The house is 100 years old.   I've lifted the lino and found Kauri flooring.  Some boards have been attacked by borers.  What is the best way to fill borer holes (just the holes - I don't want to fill the cracks where the T&G meet).  I am thinking of staining or painting the floor afterwards.

----------


## Cecile

The only thing I can say is to make sure the borer isn't active before you attempt anything.  As for what to fill them with, there will be others here with good advice.  Good luck.

----------


## centralbeak

The borers have long since gone on vacation. I think they ate the sap wood about 99 years ago when the floor was new.

----------


## Dusty

Being Kauri,  I'd look at replacing as many boards as you can rather than filling. I've often found over the years that Borer really go to town on Kauri and eat quite a fair bit of the board (more so than what they do with, say, Baltic). 
But, if you do wish to go ahead with filling my recommendation is definitely with Timbermate putty, probably in their Brushbox colour.

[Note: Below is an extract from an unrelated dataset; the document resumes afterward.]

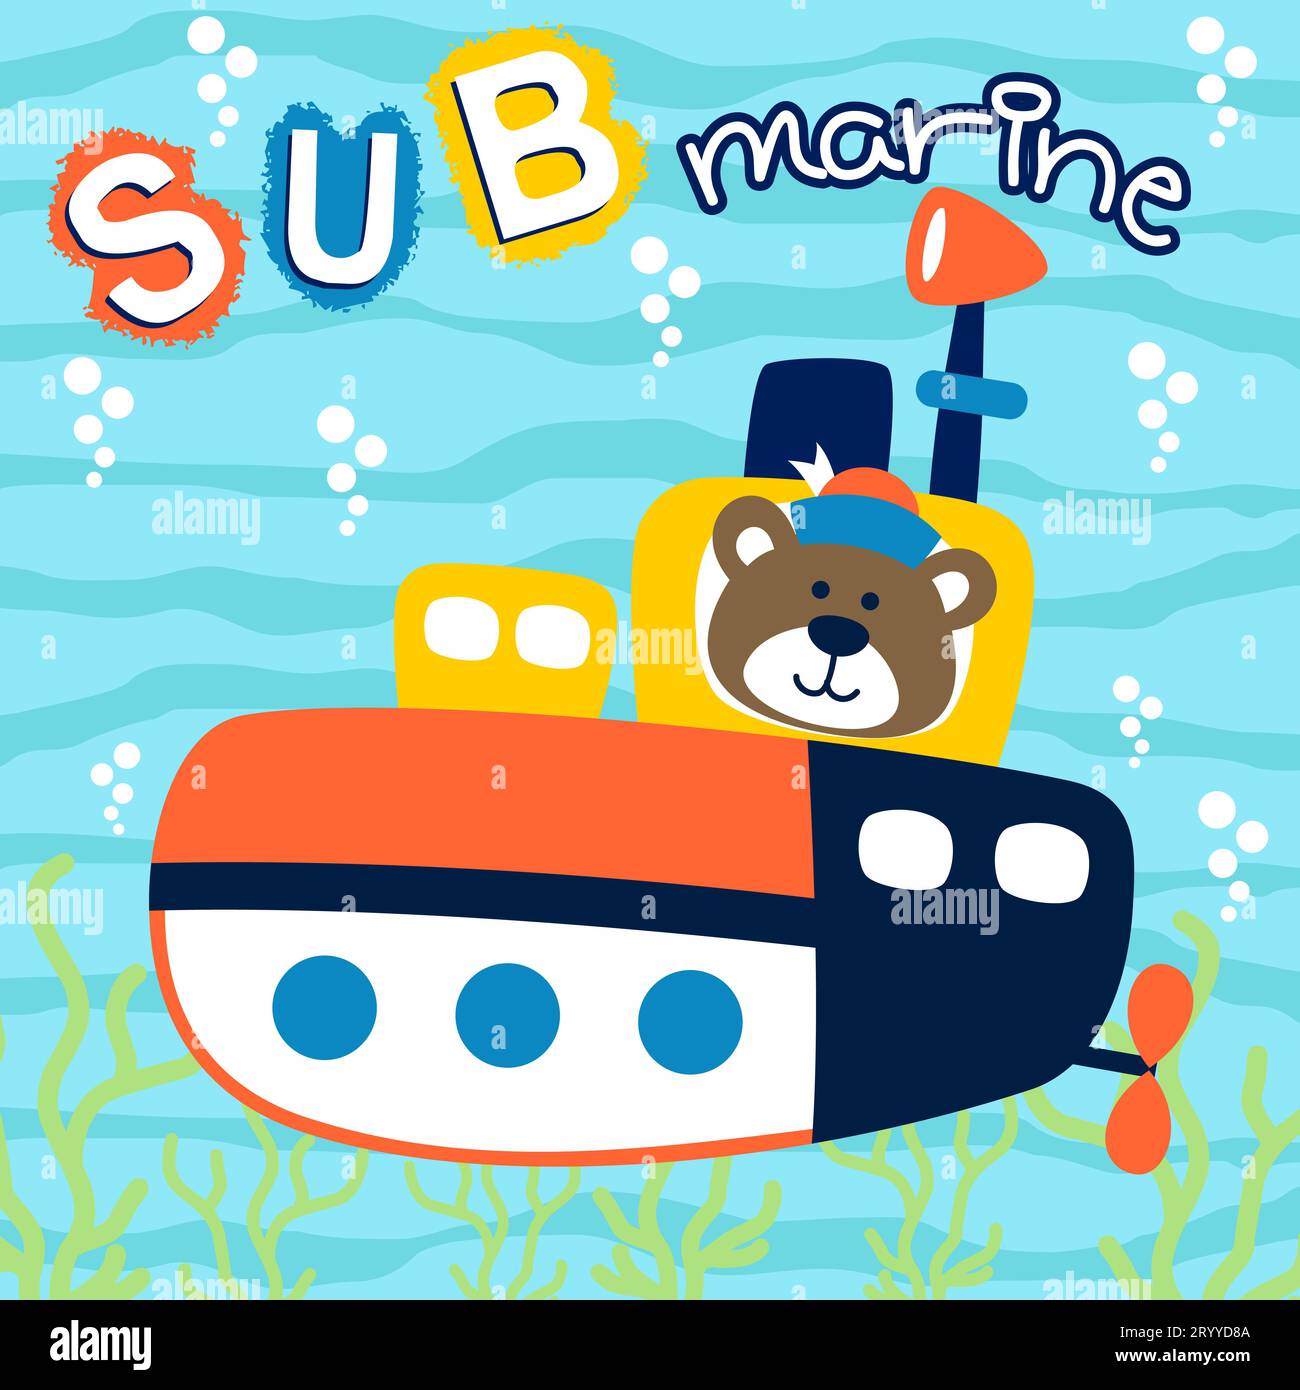 U-Boot mit niedlichem Bärensegler unter Wasser, Vektor-Zeichentrickillustration Stock Vektor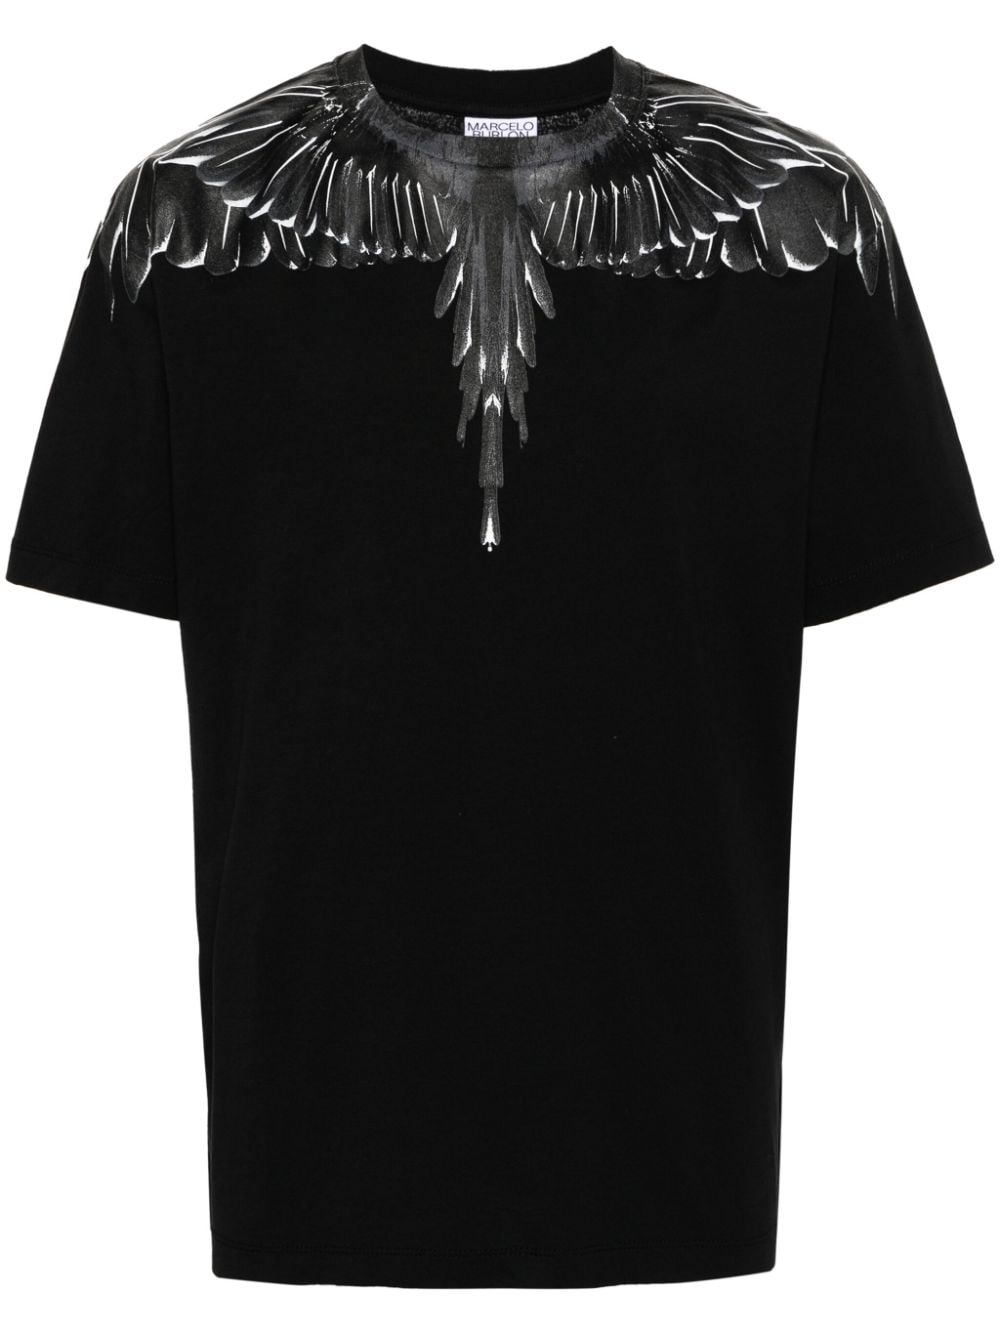 T-shirt nera stampa icon wings nera

Mix it into a paste, about the consistency of toothpaste and spread it in during and throughout the sanding and finishing process. 
The down side to filling borer holes, is that the holes and pattens from where the Borer were are not that deep and therefore the putty is prone to popping out not long after it's all been done and finished, which can be disappointing.  This is more likely to happen if there is any flex or bounce in the sub-floor or the boards themselves, which is why I'd rather look at replacing as many as possible rather than just filling.

----------


## centralbeak

Thanks Dusty - take your point about replacing as many boards as possible.  I'll see how I go.

----------